Павел задохнулся. Долго так продолжаться не могло. Прохладные виноградины чуть колебались от горячего и быстрого язычка, и это сводило его с ума. Но представление продолжалось.
— Что? — шептала Маша после очередной виноградины, поднимая к нему лицо. Оно было прекрасным. Знакомым в каждой черточке — и неуловимо новым. Павел пошатывался в такт ударам сердца. Тяжелые виноградины посылали острые холодные уколы в спинной мозг. Он запрокинул голову и оставил попытки ускорить развязку: в этом представлении было что-то ошеломляющее. Руки его уперлись в столешницу за спиной, и ток разнузданной крови, делая тело почти невесомым, устремился в средоточие сладкой пытки. Лиловые ягоды вздрагивали вместе с изнемогающей от напряжения плотью. Миг цеплялся за миг, время стало вязким, вытягиваясь в ниточку, на которой вспучивались бесконечные тугие узелки наслаждения. Каждый узелок был восхитительно прохладным и доходил до сердца, не успевая растаять. Тут же зарождался новый, и Павел горящими глазами следил, как двигаются Машины губы, выбирая следующую ягоду. Чувственный толчок накатывал горячей волной и растекался под кожей.
Сквозь теплый желтый туман Маша остро ощущала, что только этот мужчина может вот так отдавать ей всего себя без остатка; что она сейчас сливается с его скрытыми даже от него самого чувственными ритмами. И в ее парящем желтым облаком мозгу сформировалась горячая мысль, что их тела уже в момент рождения были предназначены друг другу и всю жизнь их несет среди туч это желтое облако, плотно объемлет их двоих, унося в едином остром вихре в бесконечность. Маша задрожала, обмирая от протяжного жгучего оргазма, и, не в силах остановиться, смотрела на виноградную кисть — она крупно вздрагивала в такт оргазмическим толчкам и наконец упала к их ногам, со струйками семени на темной глянцевой кожице ягод. Павел выдохнул и поймал Машин взгляд — глубокий, бездонный, первозданно открытый.
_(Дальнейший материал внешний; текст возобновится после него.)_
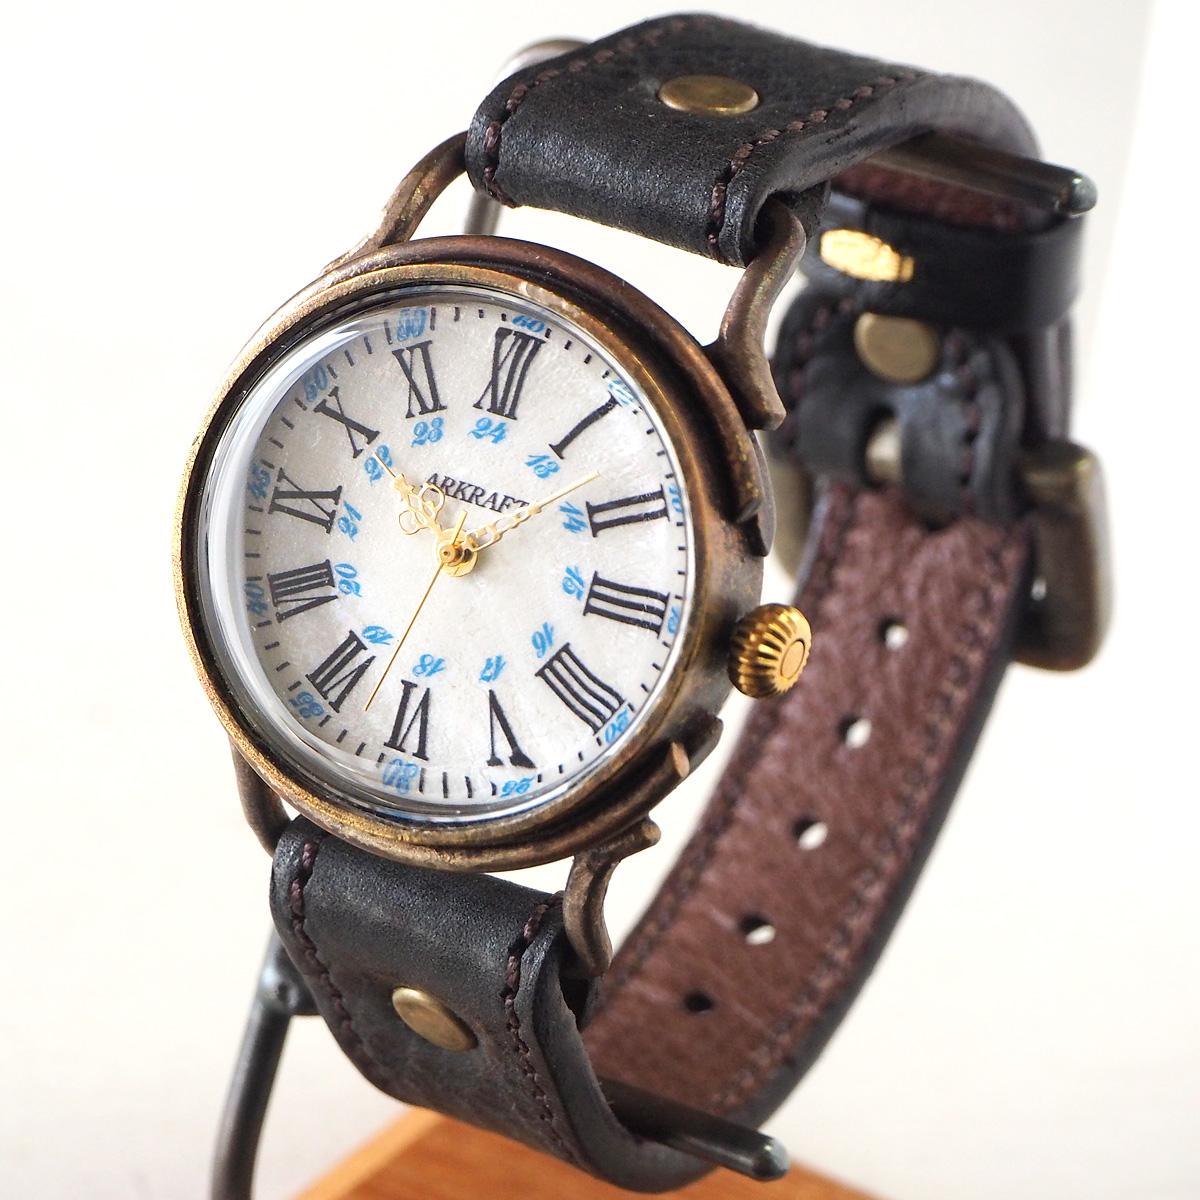 """【あす楽】ARKRAFT(アークラフト)手作り腕時計""""Drake Large"""" ホワイトシェル文字盤 ブルードット プレミアムストラップ レブロン ブラック [AR-C-019-WH-BLREV-BLACK] ハンドメイドウォッチ 手作り 本革ベルト ホワイト クオーツ アナログ 日本製 国産"""
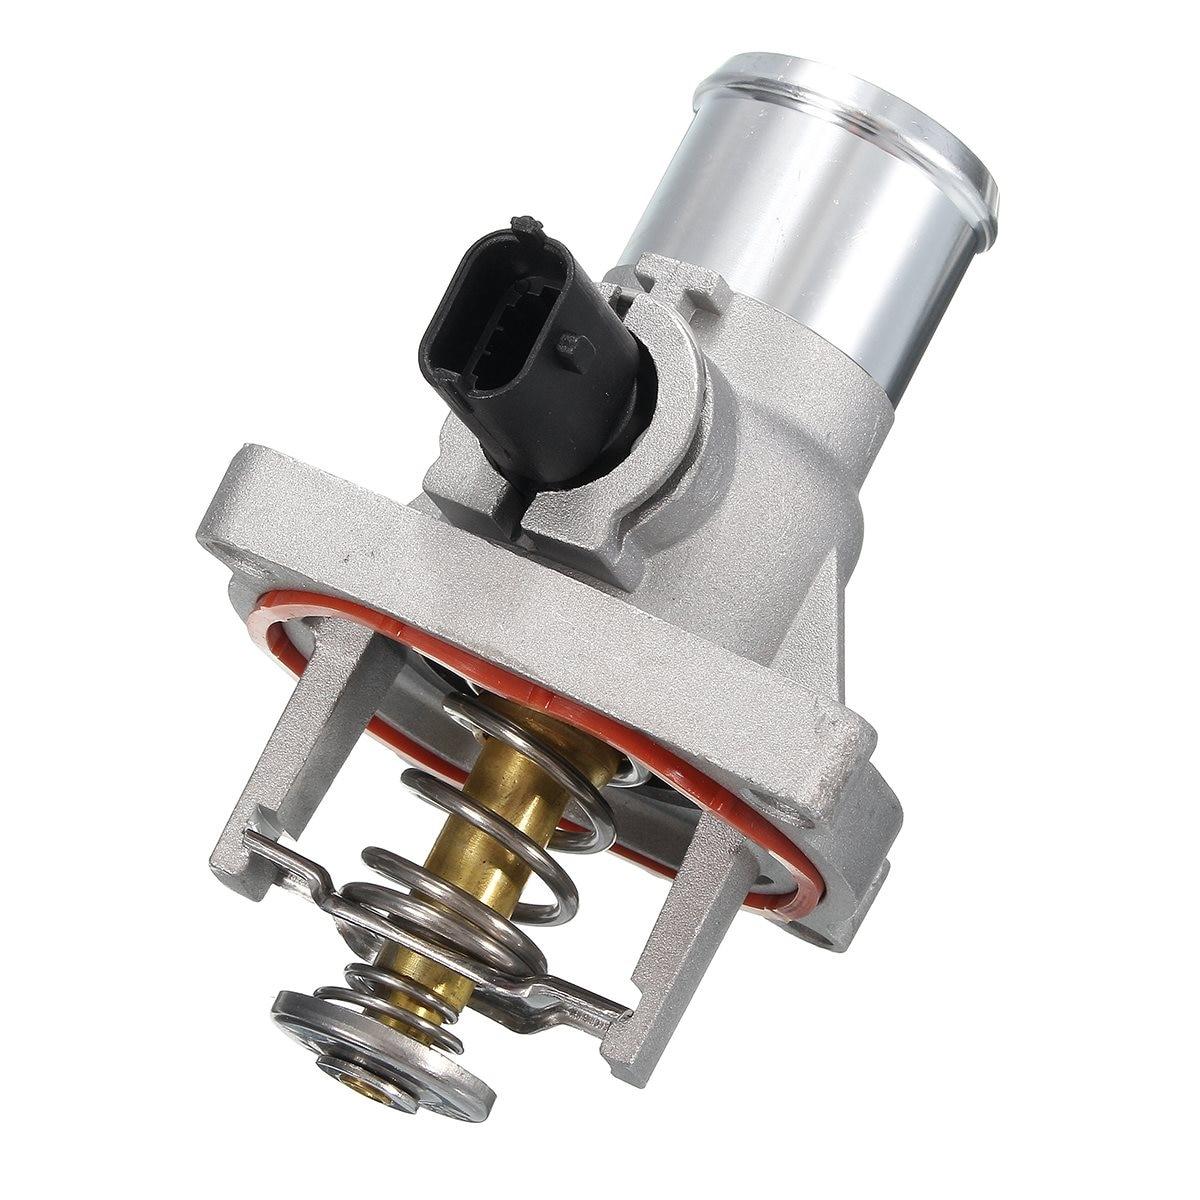 Prix pour Refroidissement moteur Boîtier de Thermostat Pour Chevrolet/Cruze Sonic Aveo G3 2009-2013 pour Vauxhall/Opel Astra 96414627 55578419

Он опустился на колени и прижался щекой к ее лицу…
Легкое и ветреное дыхание небес проникло в открытую настежь балконную дверь. Павел поднялся на ноги, увлекая за собой Машу. Обнявшись, они вышли на балкон и, не разнимая рук, плюхнулись в одно кресло.
Они долго смотрели, как кто-то неизвестный стирает звезды с предутреннего неба и накрывает небесный купол чем-то дымчатым и прозрачным. Потом добавляет еще одно покрывало, еще и еще, пока слепящие отверстия не слились с окружающей бледно-алой бездной.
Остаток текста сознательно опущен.